The Elves on the Shelves may get all the attention, but don’t forget these little creatures who are looking for love, too:
The Elf by Himself: Quit my last job because I refused to be complicit in Big Santa spying on young children. Currently working on an exposé of the Tooth Fairy. Looking to connect with like-minded whistle-blowers.
The Gnome in the Tiny Home: Whether I’m tucked in the dresser that doubles as a staircase or hanging from one of the vintage cloth-covered wire Edison bulbs, it won’t take long to find me.
The Pixie in Poughkeepsie: Possibly manic; definitely a dream girl. Seeking lumbersexual with well-groomed facial hair. However, I only date people in the Hudson Valley (Albany doesn’t count) who moved here from Brooklyn.
The Urchin Who’s Searchin’: Searching for you and your progressive political leanings, that is.
The Tyke on a Bike: More mature than my name suggests. I look good in Lycra. Check out this pic of my fixie. #nobrakes
The Leprechaun Sine Qua Non: Swipe right and carpe diem.
The Enchanter With a Decanter: I like my romantic partners the same way I like my wine: full-bodied and given a chance to breathe before we get started.
The Puck in the Truck: Put me in any position you want in that big, beautiful rig.
The Gremlin From the Kremlin: New in town. Looking to connect. DC area. Must be discreet.
The Sprite With a Light: Wordsmith, poet, old-soul creative type. Currently seeking a new muse. Preferably with a weed supply. Or clove cigarettes.
The Goblin for the Maudlin: On Saturday night, I like to listen to Bon Iver and revisit all my past relationships while drinking craft bourbon.
The Scamp With the Tramp Stamp: Not to spoil the surprise, but it’s a Murakami reference. Come check it out for yourself.
The Brownie Who’s a Townie: Never moved out of state? Me neither! Let’s get together and role play moments from Senior Prom.
The Minx in the Drinks: Hiding in a bar cart near you.
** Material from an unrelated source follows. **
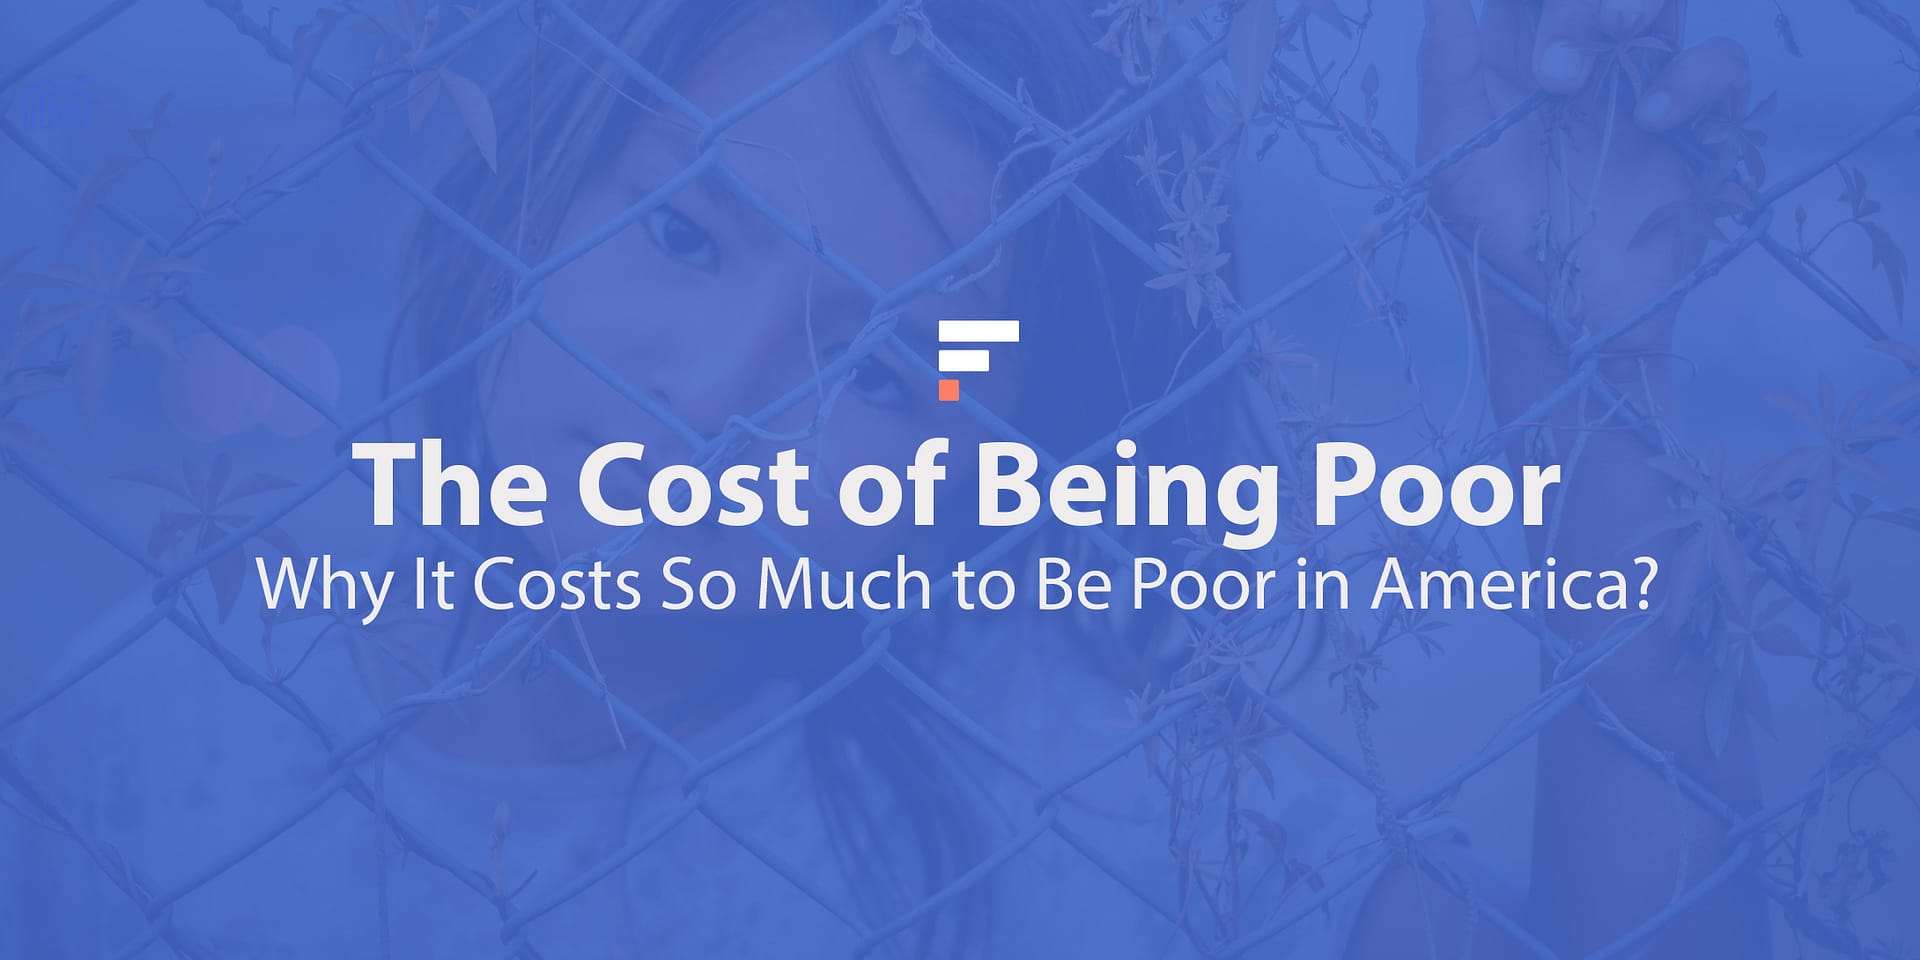 The Cost of Being Poor: Why It Costs So Much to Be Poor in America

The Genie With a Teeny Weenie: Wrongly labeled by Parents.com as “inappropriate for children.” Trying to rehabilitate my image to appeal to adults. I may need a new marketing strategy.
The Fairy Who’s Allergic to Dairy: As long as you don’t put me anywhere near yogurt or cheese, I’m fine. I’m still waiting for my gluten test to come back, so keep me away from bread. I have a quinoa intolerance and react badly to legumes. Seeking partner with similar dietary restrictions.
The Imp With a Pimp: Sorry, this account has been suspended.